Nel corso della sua intervista al New York Times Leclerc ha affrontato anche altri argomenti.
La lunga chiacchierata offerta al New York Times ha permesso a Charles Leclerc di spaziare tra vari argomenti, concentrandosi anche sulle motivazioni e le imprese che lo hanno portato ad essere “Il Predestinato”. Nel 2019, a seguito delle due vittorie consecutive tra Belgio e Monza, il classe ’97 è stato ribattezzato in questo modo, un soprannome che non crea problemi allo stesso Leclerc, anzi gli da la giusta motivazione per riportare a casa quel titolo che in Ferrari manca da troppo tempo.
Queste le sue parole a tal proposito: “Mi piace che la gente mi chiami così, ma non è che mi sveglio la mattina e dico: ‘Ah, sono il Predestinato’. Non ho quel tipo di pressione. A volte è bello sentirselo dire, ma non è un qualcosa che aggiunge pressione o mi fa sentire in modo diverso. Che mi si chiami così o no, il mio dovere e il mio obiettivo sono gli stessi, ovvero riportare la Ferrari al vertice e farò di tutto per riuscirci”.
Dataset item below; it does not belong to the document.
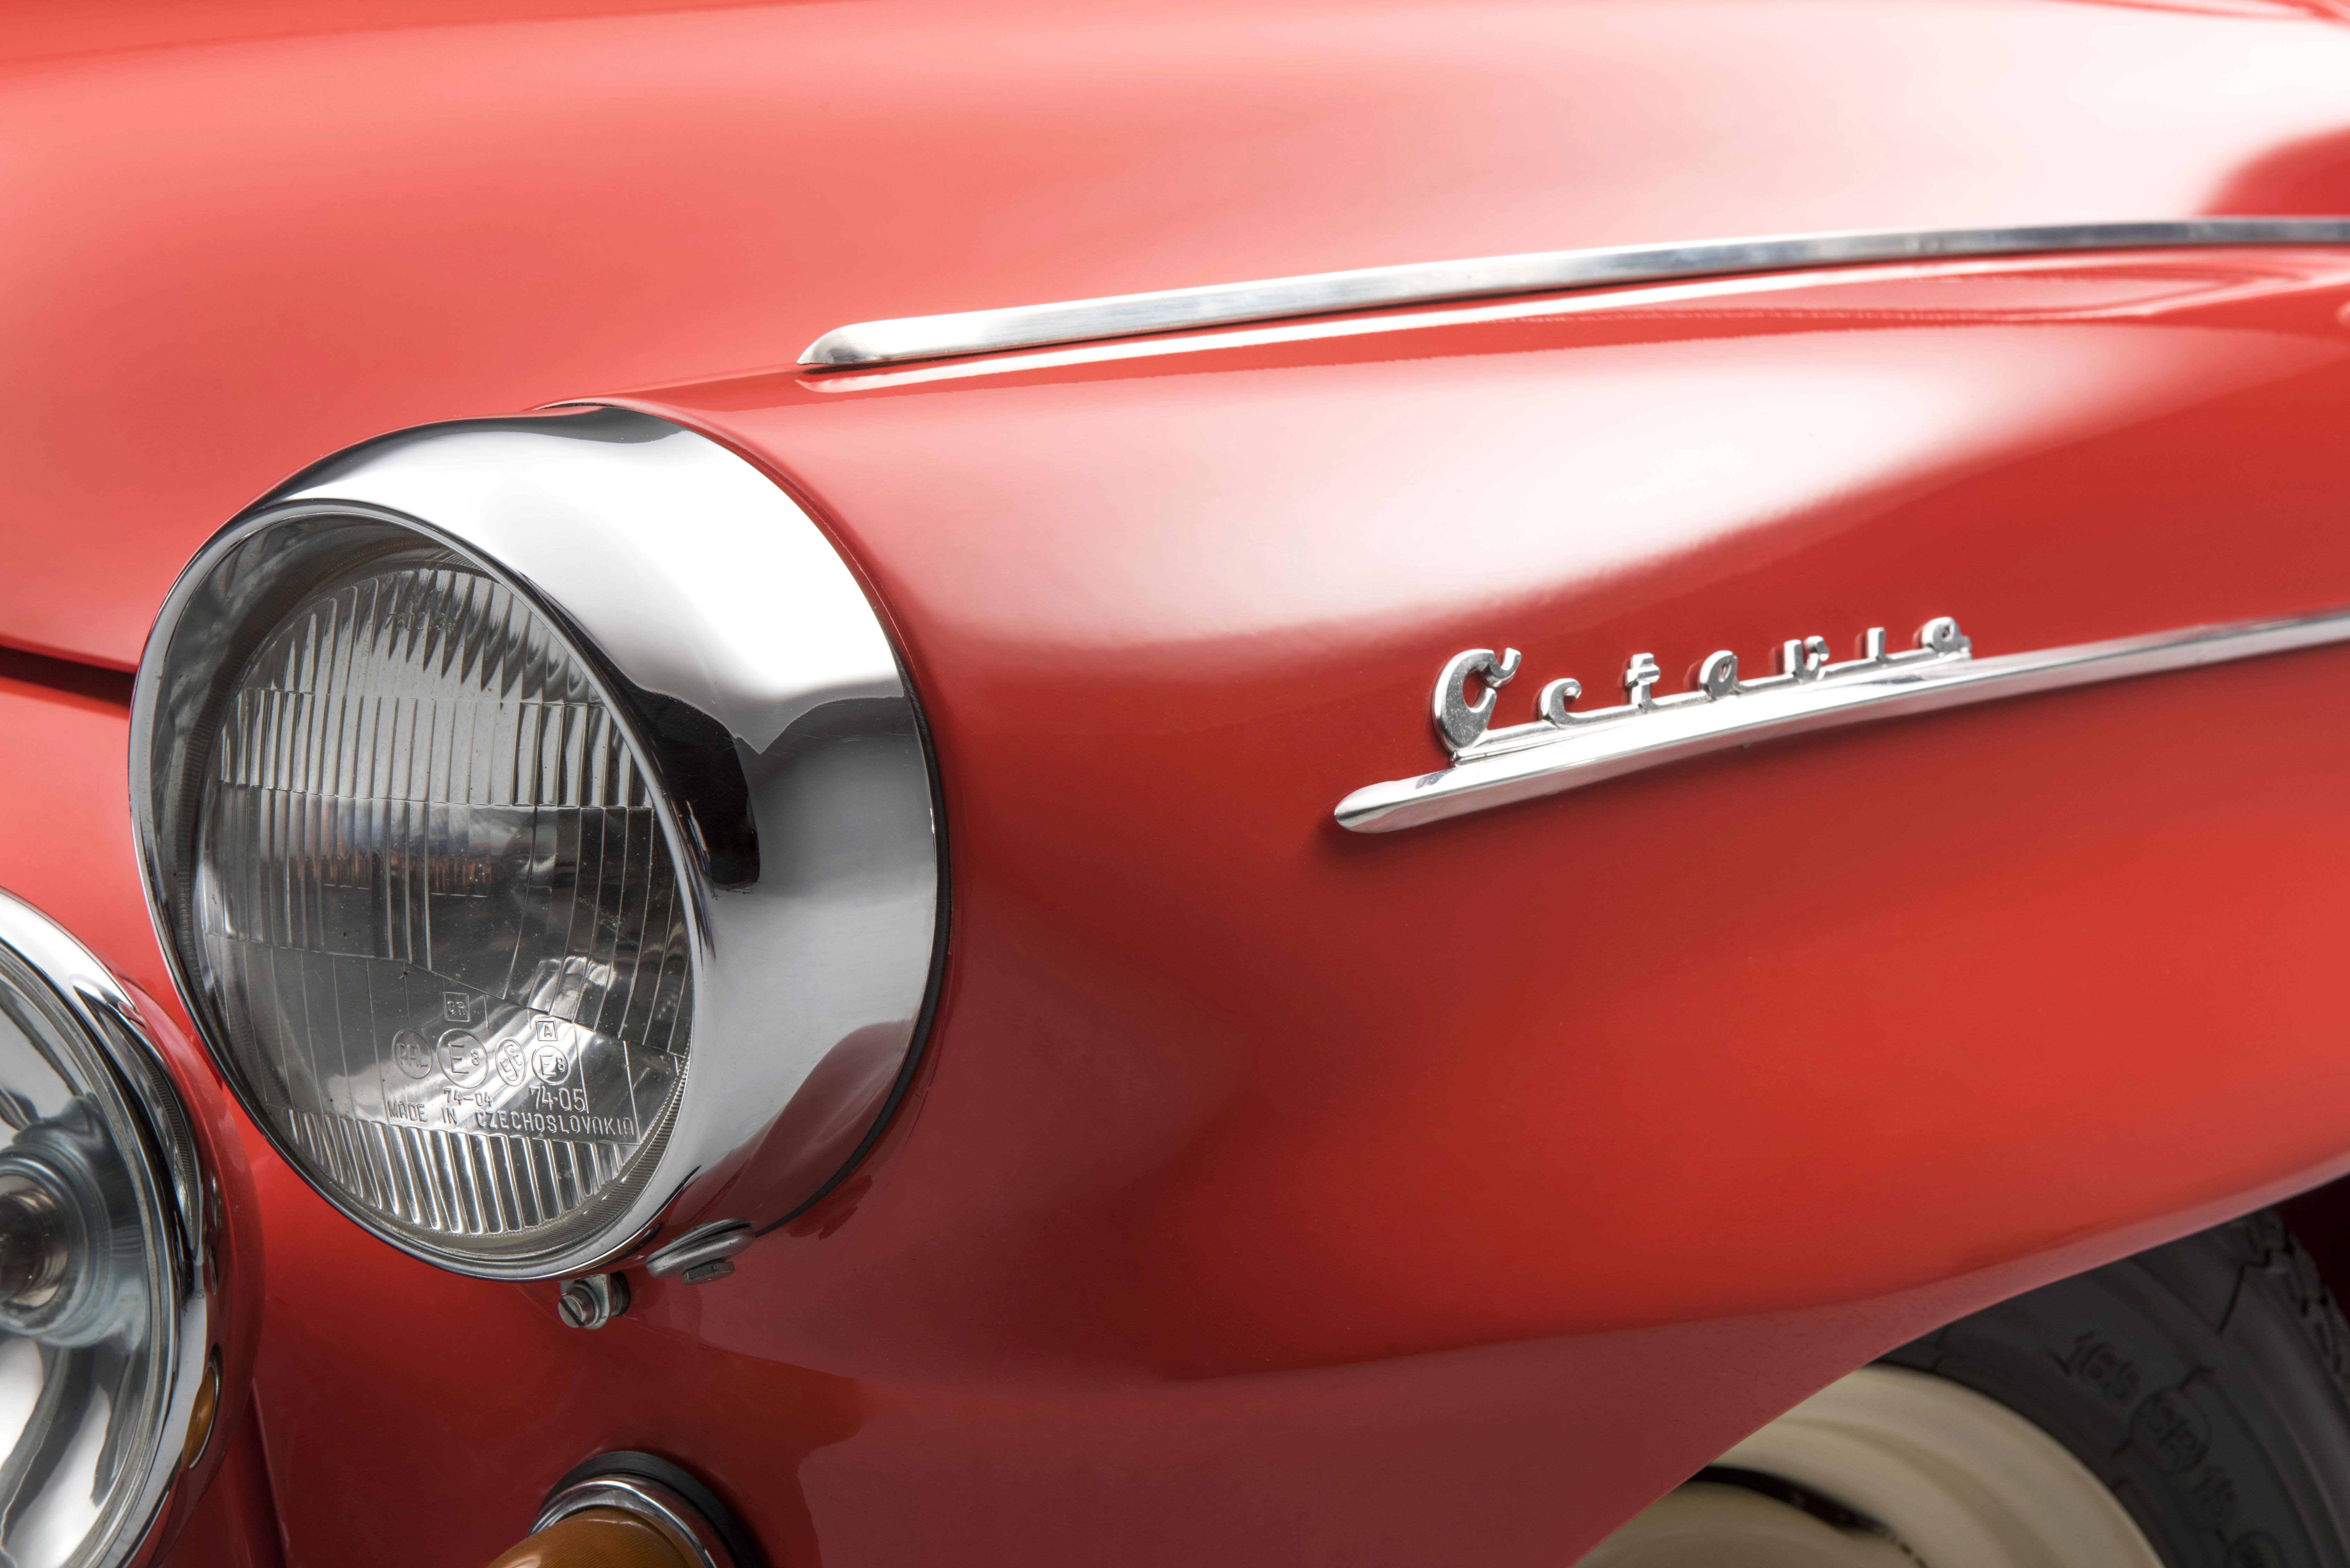 SKODA OCTAVIA TOURING SPORT (1960): Successful return to international rally courses - Image 3
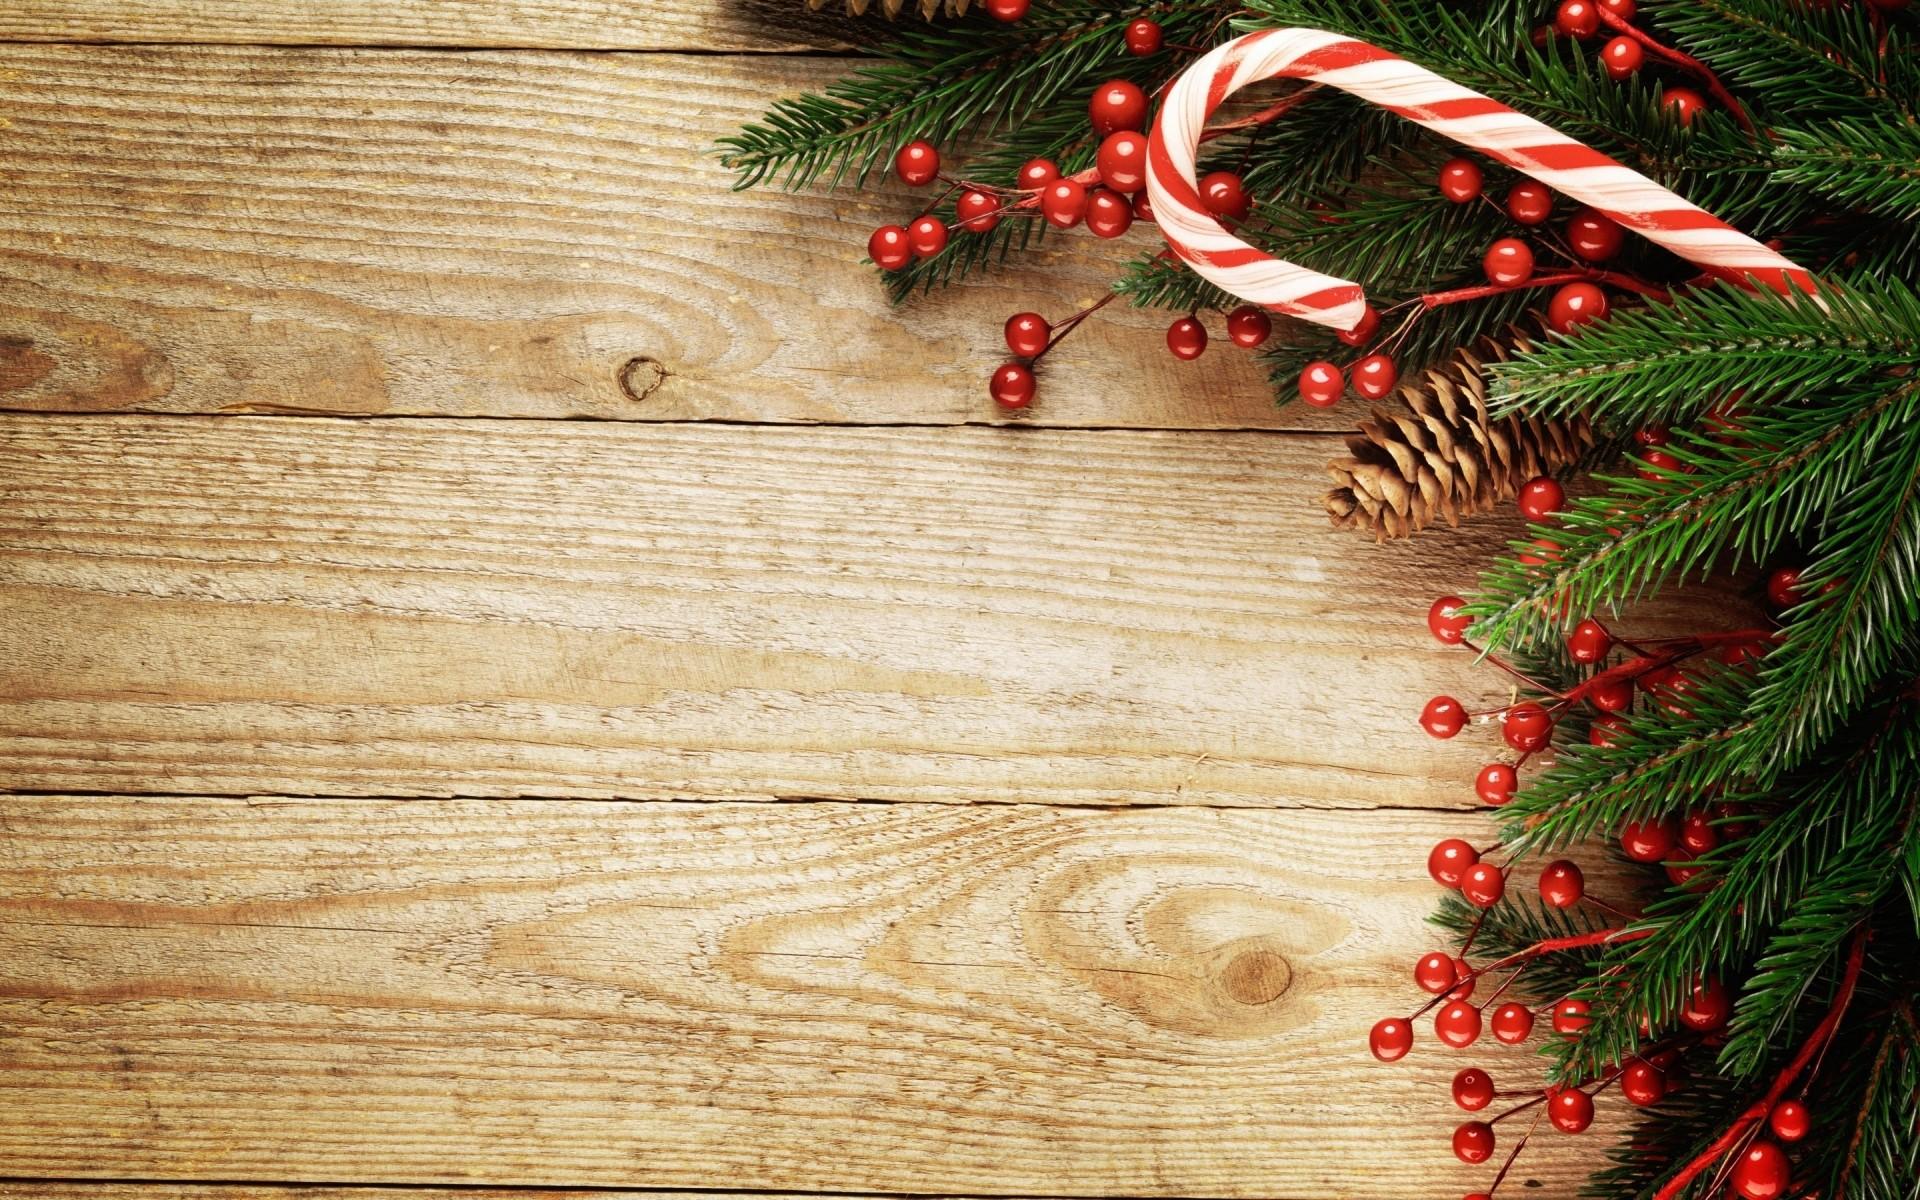 Christmas Pine Wood Wooden Decoration Winter Desktop Celebration Fir Rustic Merry Ball Interior Design Tree Retro

La motivazione più grande è quella di avere l’opportunità di riportare il titolo a Maranello dopo ben vent’anni, un’impresa che per ora appare molto difficile: “Quello che voglio davvero è non avere rimpianti. Voglio guardarmi indietro ed essere sicuro di aver fatto assolutamente tutto per provare a raggiungere questo obiettivo. Se ci riuscirò o meno questo non lo so, perché non posso controllare tutto. Ma so che almeno, per le cose che ho sotto controllo, cercherò di dare tutto. Mi piacerebbe vincere di più, ma ci stiamo lavorando. La motivazione è ancora altissima”.